RECOMP: Improving Retrieval-Augmented LMs with Compression and Selective
Augmentation
- URL: http://arxiv.org/abs/2310.04408v1
- Date: Fri, 6 Oct 2023 17:55:36 GMT
- Title: RECOMP: Improving Retrieval-Augmented LMs with Compression and Selective
Augmentation
- Authors: Fangyuan Xu, Weijia Shi, Eunsol Choi
- Abstract summary: We propose compressing retrieved documents into textual summaries prior to in-context integration.
This not only reduces the computational costs but also relieves the burden of LMs to identify relevant information in long retrieved documents.
We show that our compressors trained for one LM can transfer to other LMs on the language modeling task and provide summaries largely faithful to the retrieved documents.
- Score: 61.53695868960846
- License: http://creativecommons.org/licenses/by/4.0/
- Abstract: Retrieving documents and prepending them in-context at inference time
improves performance of language model (LMs) on a wide range of tasks. However,
these documents, often spanning hundreds of words, make inference substantially
more expensive. We propose compressing the retrieved documents into textual
summaries prior to in-context integration.

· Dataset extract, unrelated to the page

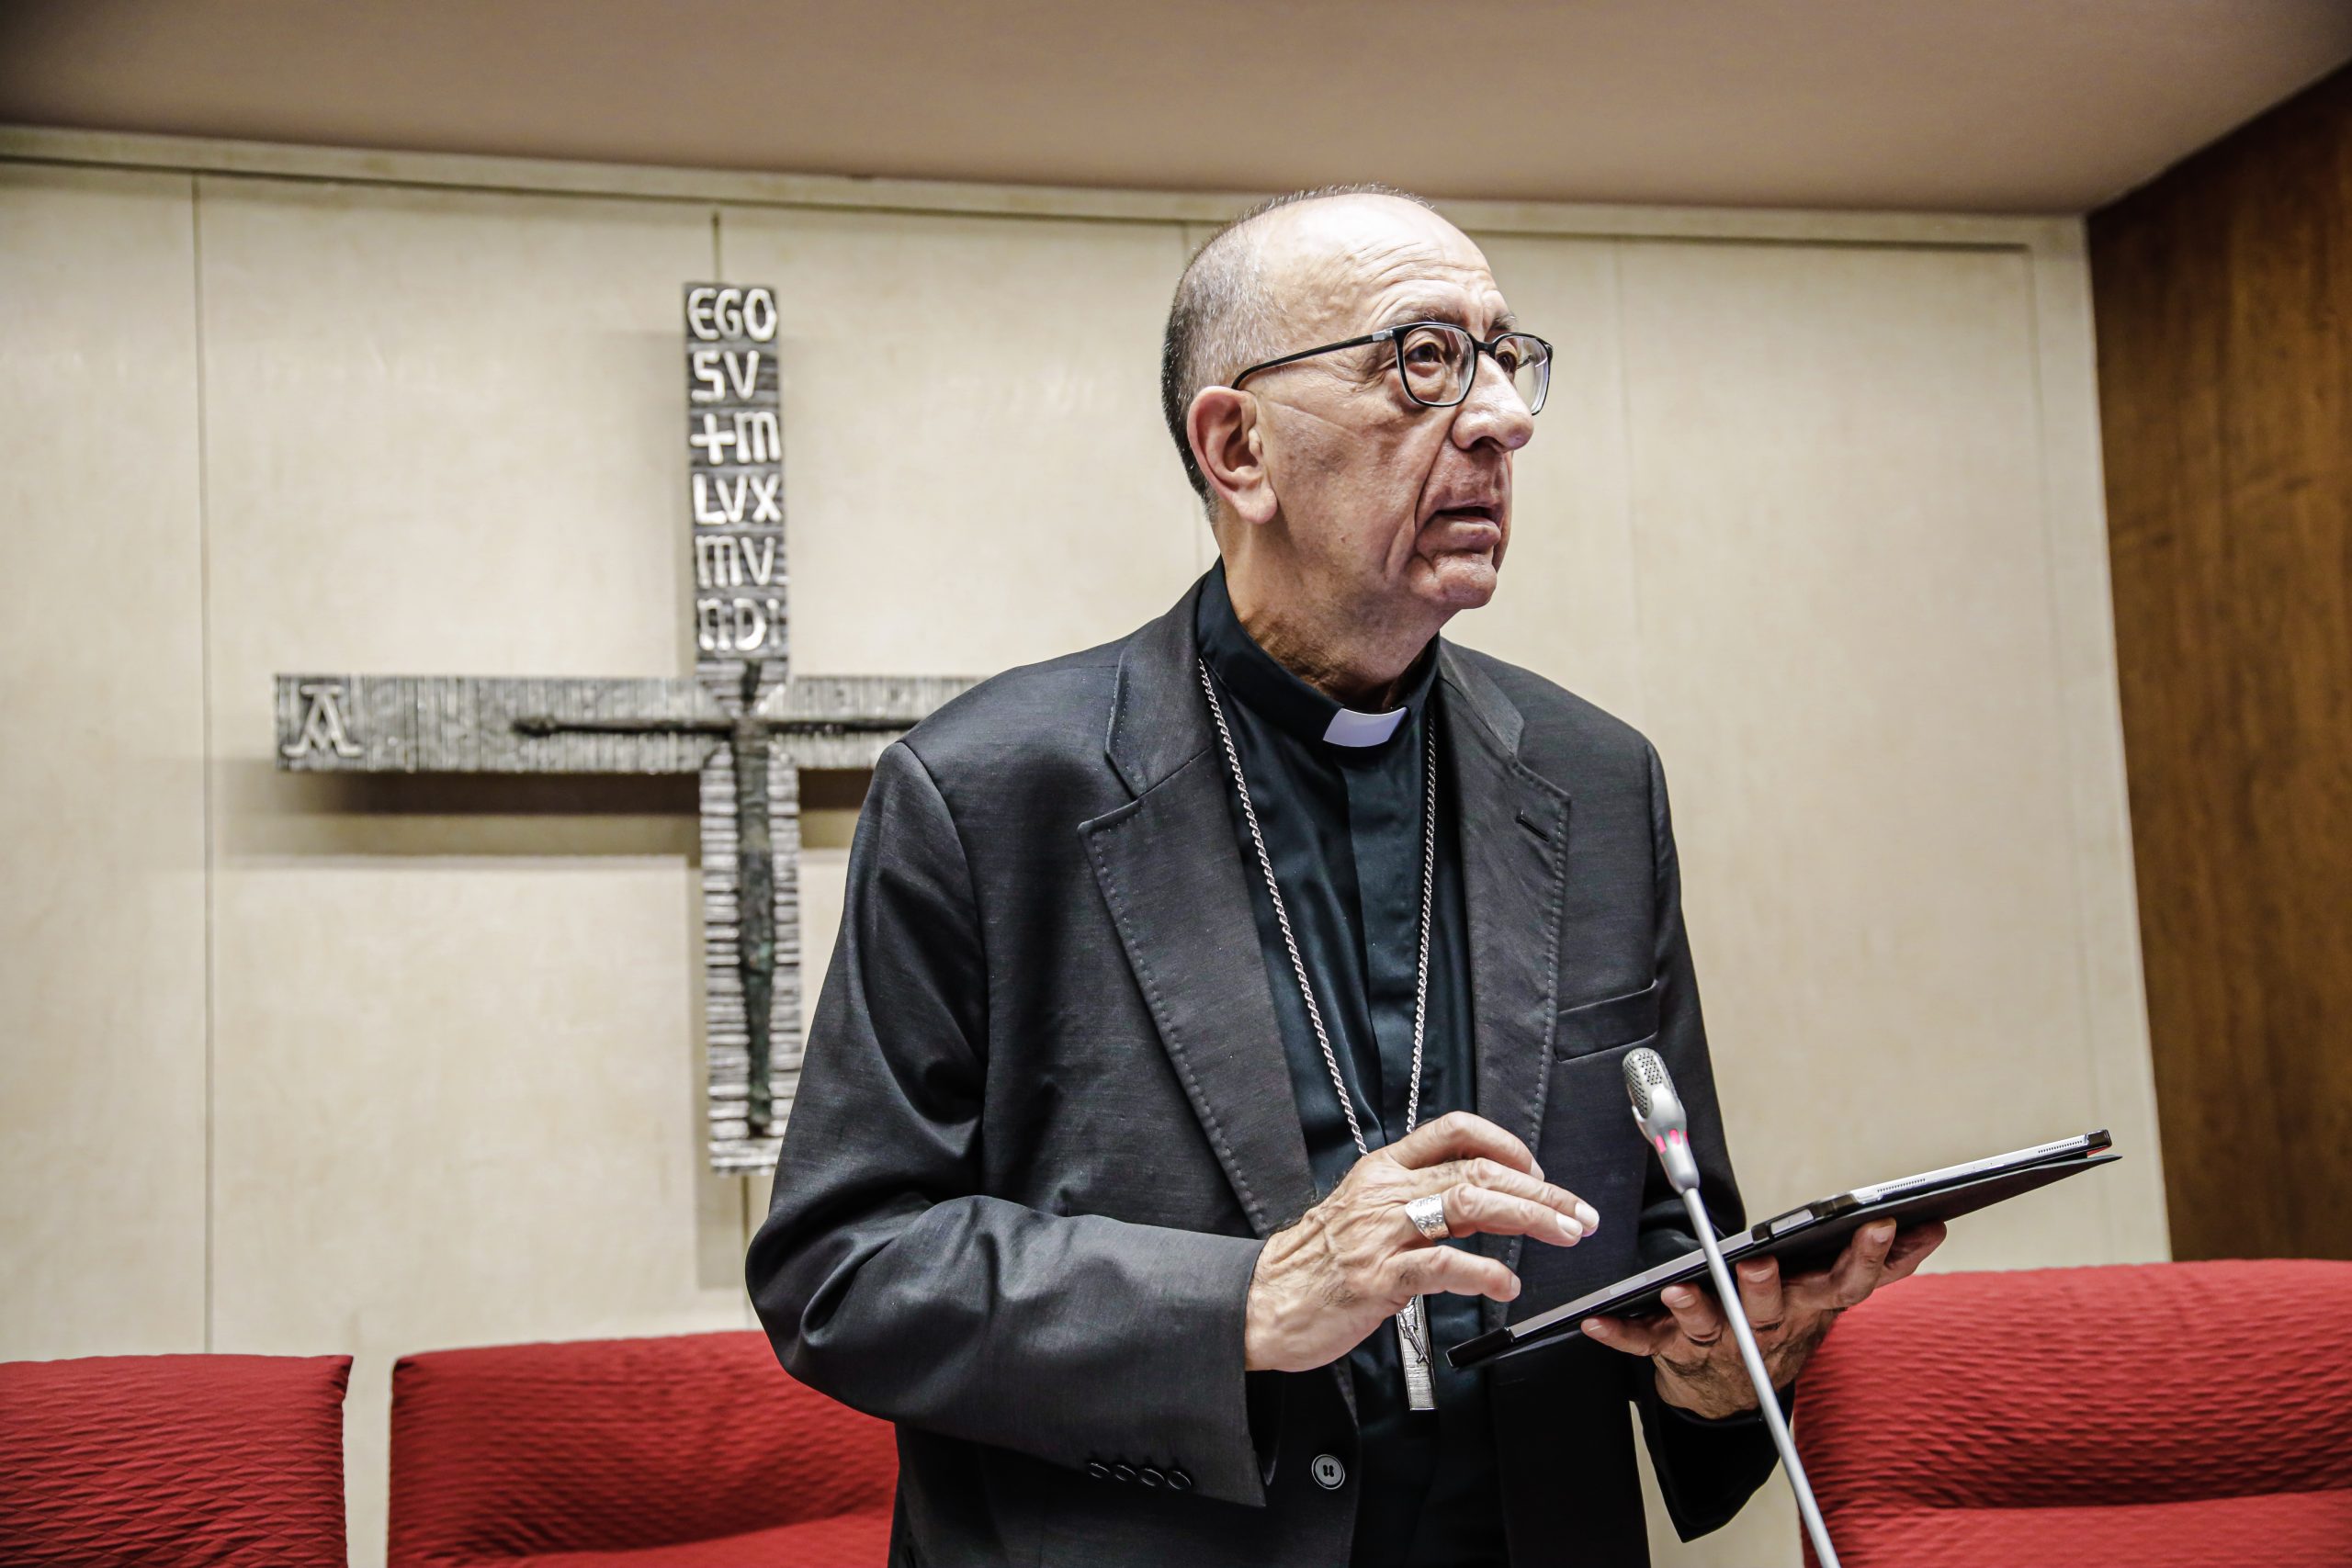 La Iglesia española se someterá a una auditoría independiente sobre abusos sexuales

This not only reduces the
computational costs but also relieves the burden of LMs to identify relevant
information in long retrieved documents. We present two compressors -- an
extractive compressor which selects useful sentences from retrieved documents
and an abstractive compressor which generates summaries by synthesizing
information from multiple documents. Both compressors are trained to improve
LMs' performance on end tasks when the generated summaries are prepended to the
LMs' input, while keeping the summary concise.If the retrieved documents are
irrelevant to the input or offer no additional information to LM, our
compressor can return an empty string, implementing selective augmentation.We
evaluate our approach on language modeling task and open domain question
answering task. We achieve a compression rate of as low as 6% with minimal loss
in performance for both tasks, significantly outperforming the off-the-shelf
summarization models. We show that our compressors trained for one LM can
transfer to other LMs on the language modeling task and provide summaries
largely faithful to the retrieved documents.